What is the connection between laziness and purity?

You're right, from a modern POV this doesn't really make sense. What is true is that lazy-by-default would make reasoning about side-effectful code a nightmare, so lazyness does require purity – but not the other way around.

What does require lazyness though is the way Haskell in versions 1.0–1.2, following its predecessor Miranda, emulated IO without monads. Short of any explicit notion of side-effect sequencing, the type of executable programs was

main :: [Response] -> [Request]

which would, for a simple interactive program, work something like this: main would at first just ignore its input list. So thanks to lazyness, the values in that list wouldn't actually need to exist, at that point. In the meantime it would produce a first Request value, e.g. a terminal prompt for the user to type something. What was typed would then come back as a Response value, which only now actually needed to be evaluated, giving rise to a new Request, etc. etc..

https://www.haskell.org/definition/haskell-report-1.0.ps.gz

In version 1.3 they then switched to the monadic-IO interface that we all know and love today, and at that point lazyness wasn't really necessary anymore. But before that, common wisdom was that the only way to interact with the real world without lazyness was to allow side-effectful functions, thus the statement that without lazyness, Haskell would just have gone down the same path as Lisp and ML before it.


There are two aspects to this tweet: first, the fact that from a technical point of view, laziness generally mandates purity; second, the fact that from a practical point of view, strictness could still allow purity, but in practice it usually doesn't (i.e., with strictness, purity "goes out the window").

Simon Peyton-Jones explains both of these aspects in the paper "A History of Haskell: Being Lazy With Class". With respect to the technical aspect, in the section 3.2 Haskell is Pure, he writes (with my bold emphasis):

An immediate consequence of laziness is that evaluation order is demand-driven. As a result, it becomes more or less impossible to reliably perform input/output or other side effects as the result of a function call. Haskell is, therefore, a pure language.

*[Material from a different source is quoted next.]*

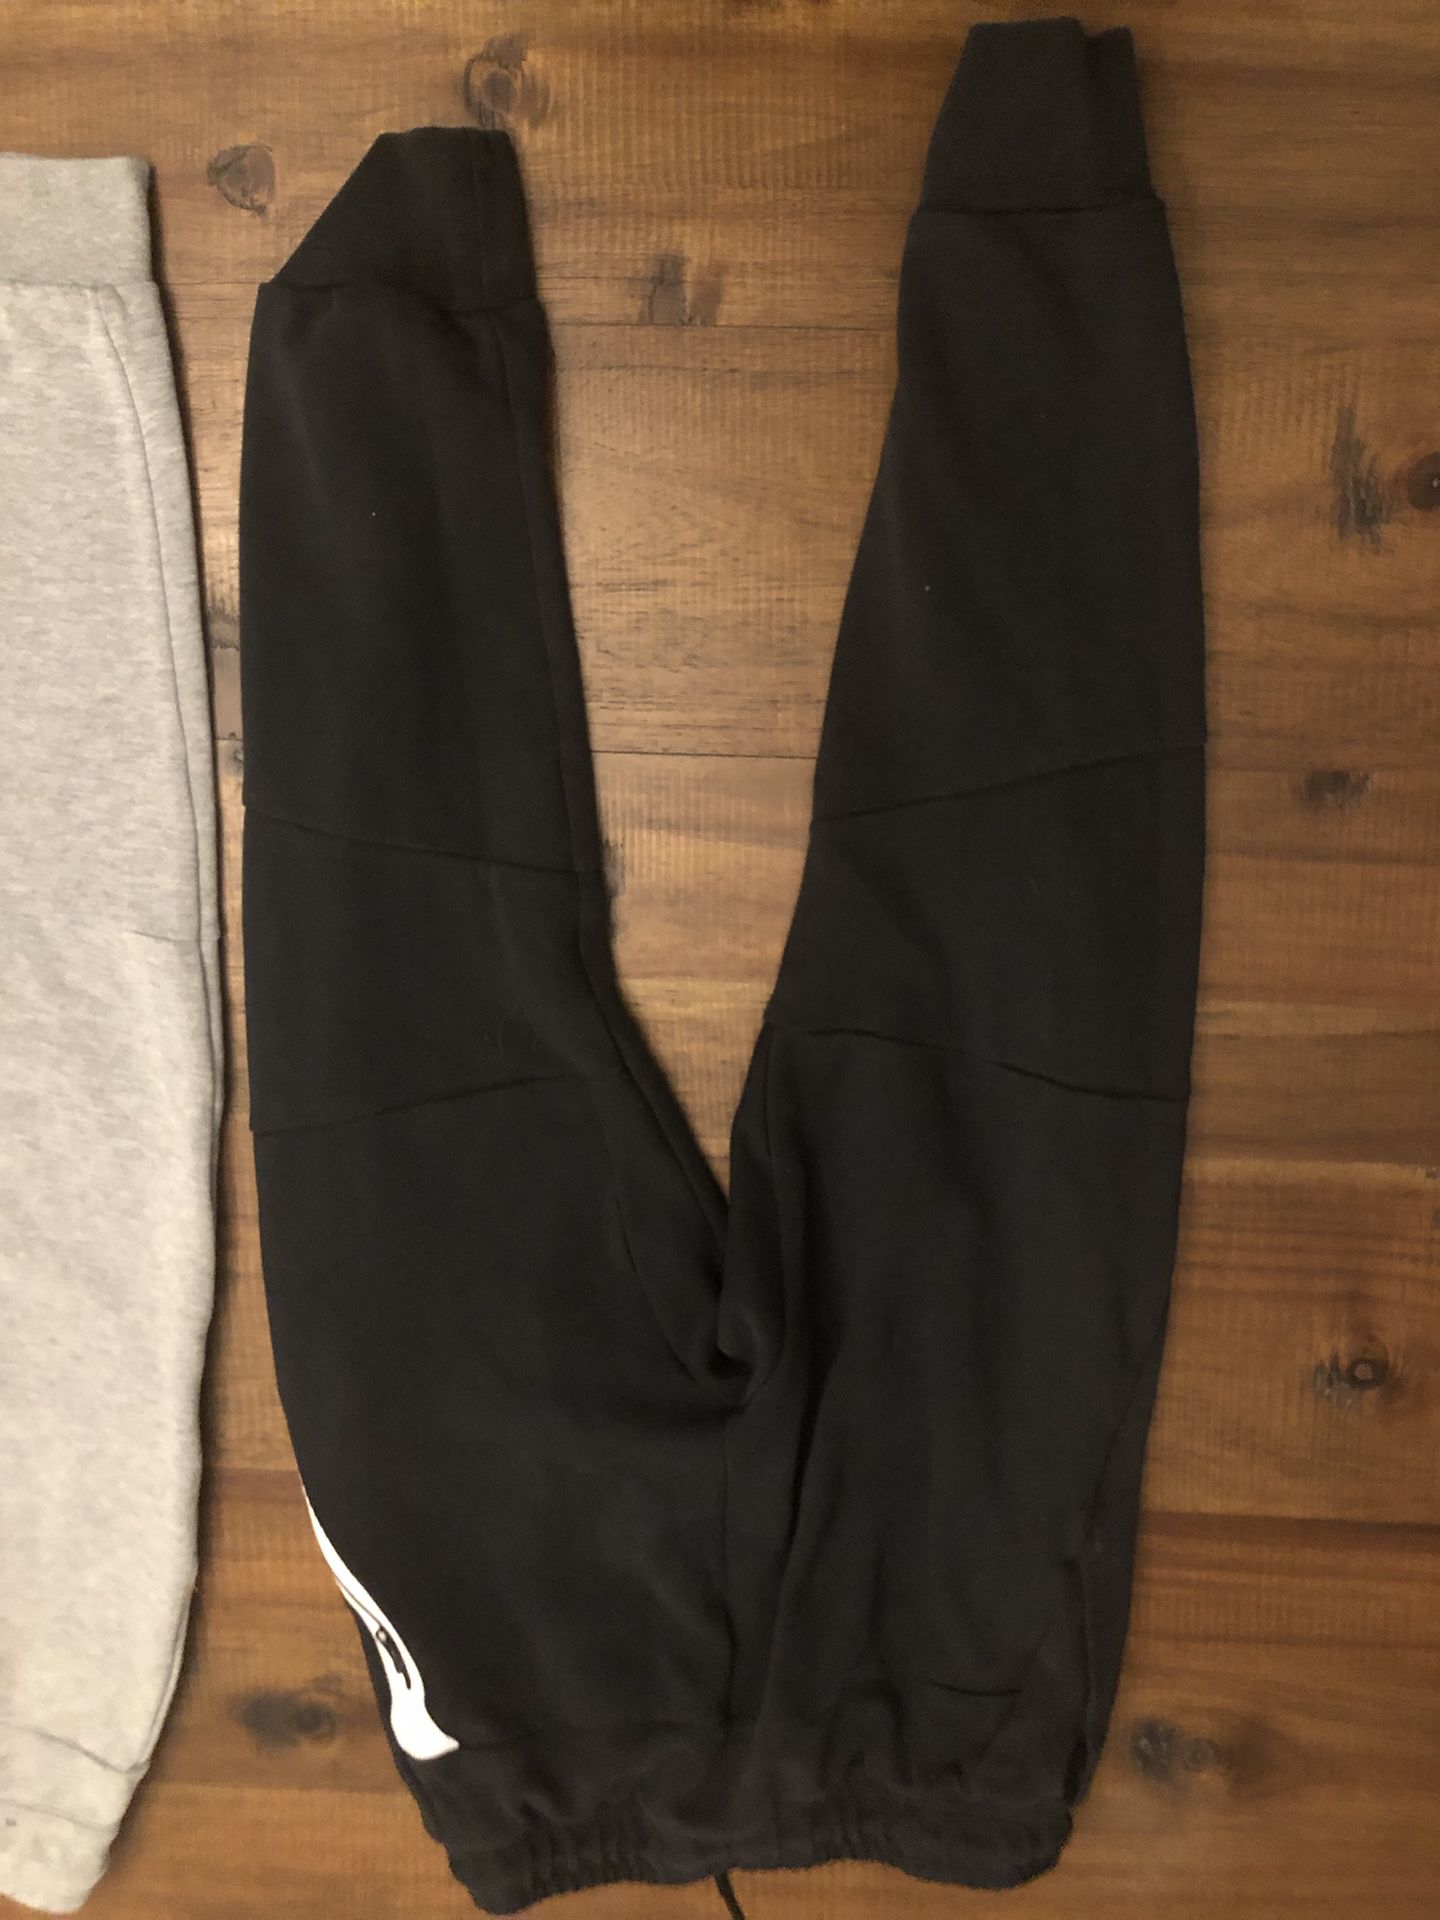 Two Nike Sportswear Tech Fleece Boys Jogger Pants - Size Medium

If you can't see why laziness makes impure effects unreliable, I'm sure it's because you're over-thinking it. Here's a simple example illustrating the problem. Consider a hypothetical impure function that reads some information from a configuration file, namely some "basic" configuration and some "extended" configuration whose format depends on the configuration file version information in the header:

getConfig :: Handle -> Config
getConfig h =
  let header = readHeader h
      basic = readBasicConfig h
      extended = readExtendedConfig (headerVersion header) h
  in Config basic extended

where readHeader, readBasicConfig, and readExtendedConfig are all impure functions that sequentially read bytes from the file (i.e., using typical, file pointer-based sequential reads) and parse them into the appropriate data structures.

In a lazy language, this function probably can't work as intended. If the header, basic, and extended variable values are all lazily evaluated, then if the caller forces basic first followed by extended, the effects will be called in order readBasic, readHeader, readExtendedConfig; while if the caller forces extended first followed by basic, the effects will be called in order readHeader, readExtendedConfig, readBasic. In either case, bytes intended to be parsed by one function will be parsed by another.

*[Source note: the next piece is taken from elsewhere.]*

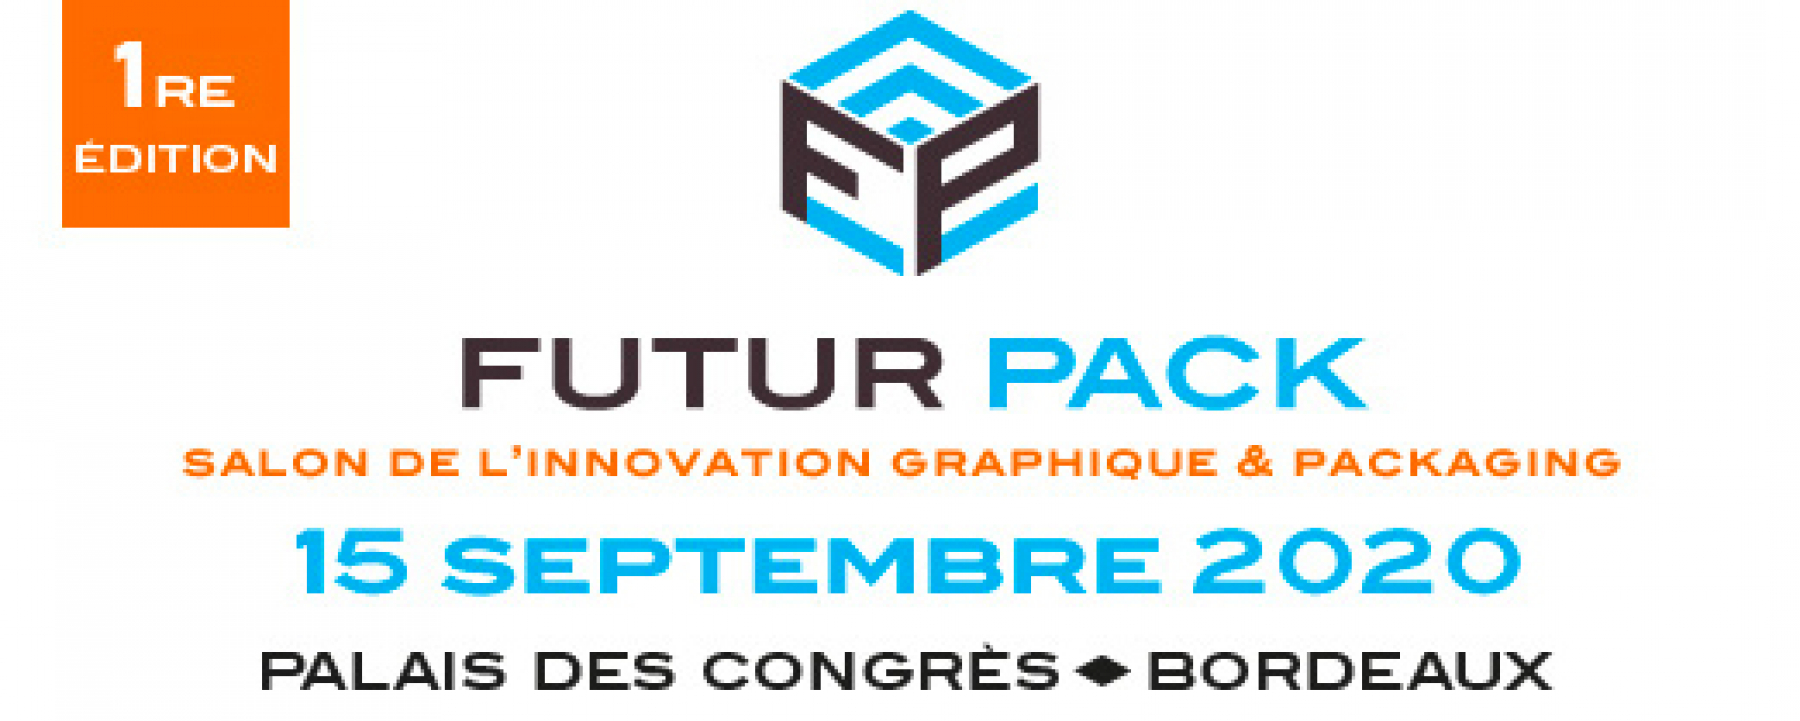 Salon Futur Pack, organisé par Atlanpack, le 15 septembre 2020

And, these evaluation orders are gross oversimplifications which assume that the effects of the sub-functions are "atomic" and that readExtendedConfig reliably forces the version argument for any access to extended. If not, depending on which parts of basic and extended are forced, the order of the (sub)effects in readBasic, readExtendedConfig, and readHeader may be reordered and/or intermingled.

You can work around this specific limitation by disallowing sequential file access (though that comes with some significant costs!), but similar unpredictable out-of-order effect execution will cause problems with other I/O operations (how do we ensure that a file updating function reads the old contents before truncated the file for update?), mutable variables (when exactly does that lock variable get incremented?), etc.

With respect to the practical aspect (again with my bold emphasis), SPJ writes:

Once we were committed to a lazy language, a pure one was inescapable. The converse is not true, but it is notable that in practice most pure programming languages are also lazy. Why? Because in a call-by-value language, whether functional or not, the temptation to allow unrestricted side effects inside a "function" is almost irresistible.

...

In retrospect, therefore, perhaps the biggest single benefit of laziness is not laziness per se, but rather that laziness kept us pure, and thereby motivated a great deal of productive work on monads and encapsulated state.

In his tweet, I believe Hutton is referring not to the technical consequence of laziness leading to purity, but rather the practical consequence of strictness tempting the language designers to relax purity "just in this one, special case", after which purity quickly goes out the window.